** Opening Input data block **

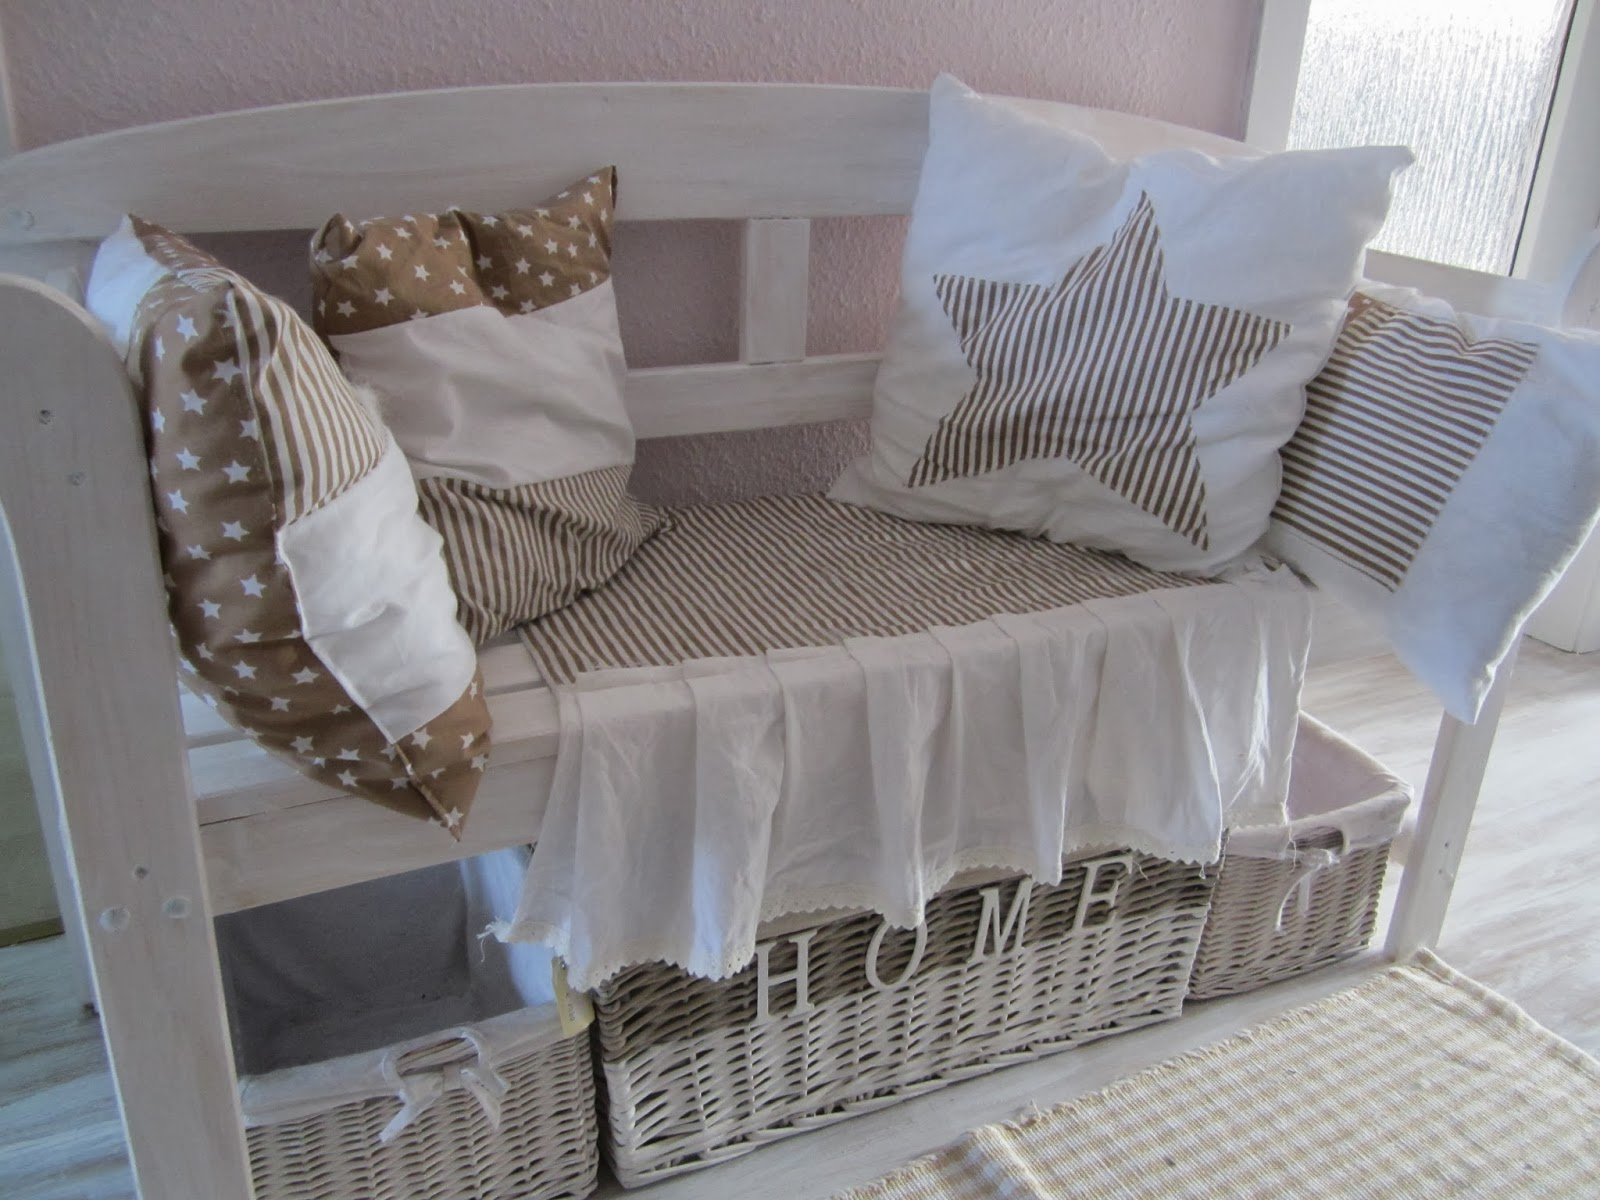 Le panche divano in stile shabby chic
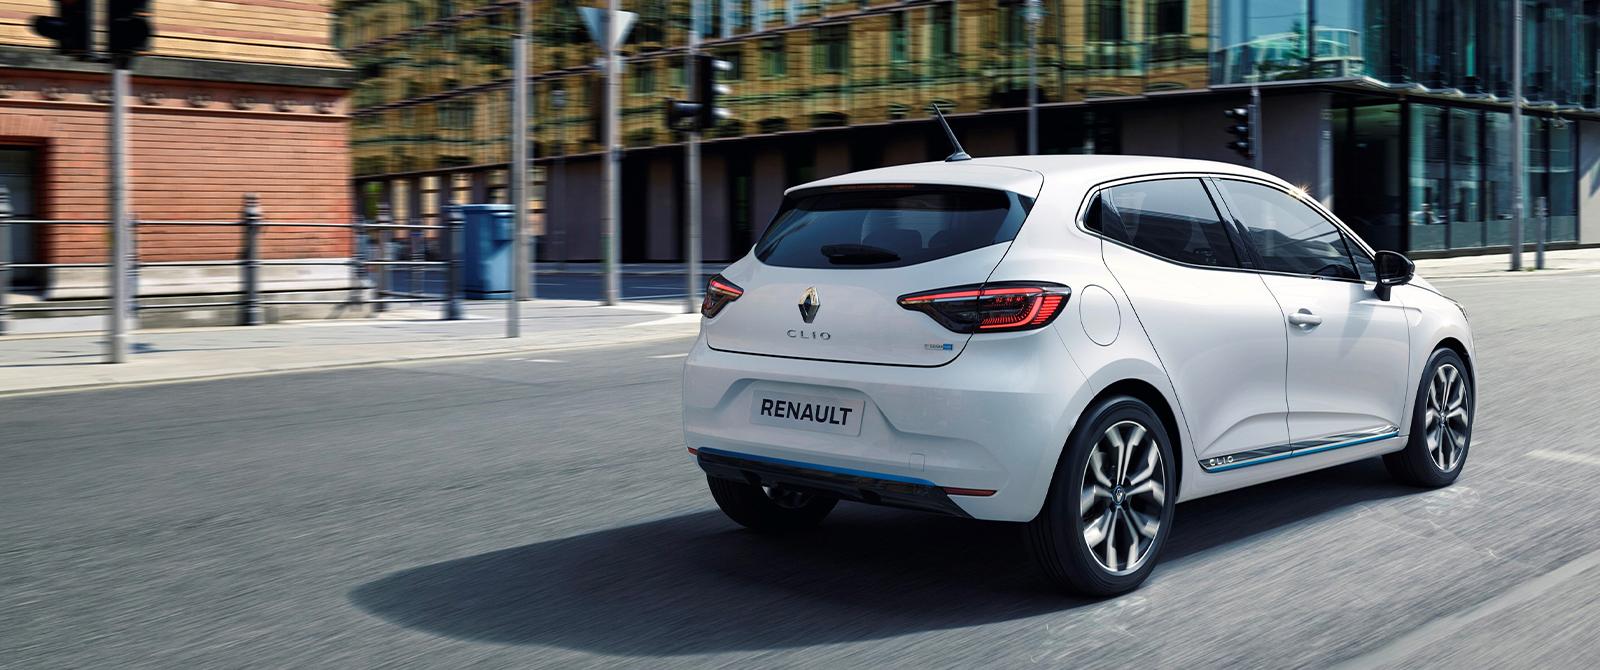 offre Renault Fleet Customer solutions
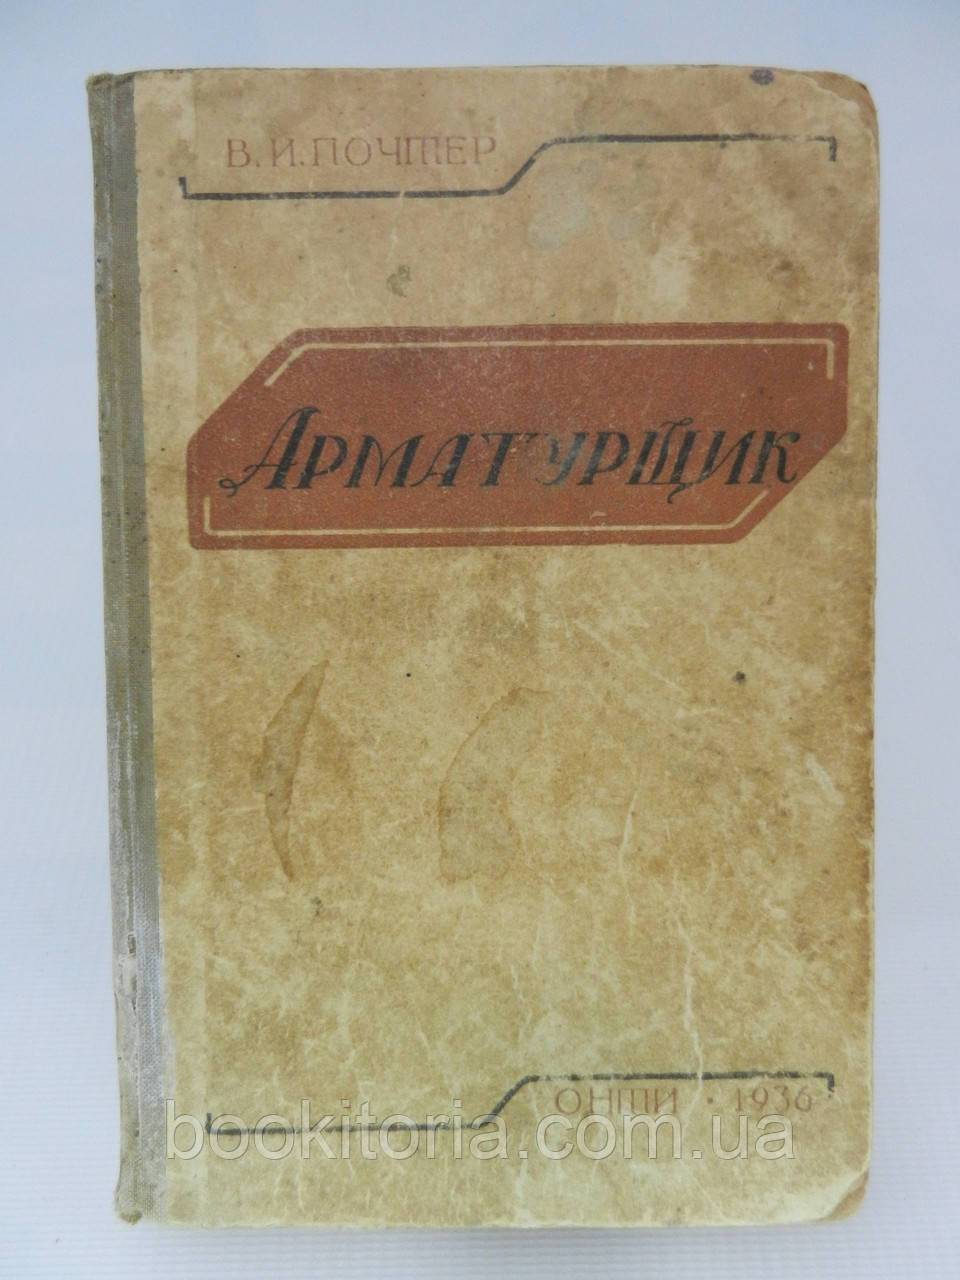 Почтер В.И. Арматурщик (б/у).

** Closing Input data block **

**What you are asked to do**
Please retype the data exactly, but do not carry over any picture.

**Task result**
 Le panche divano in stile shabby chic
 offre Renault Fleet Customer solutions
 Почтер В.И. Арматурщик (б/у).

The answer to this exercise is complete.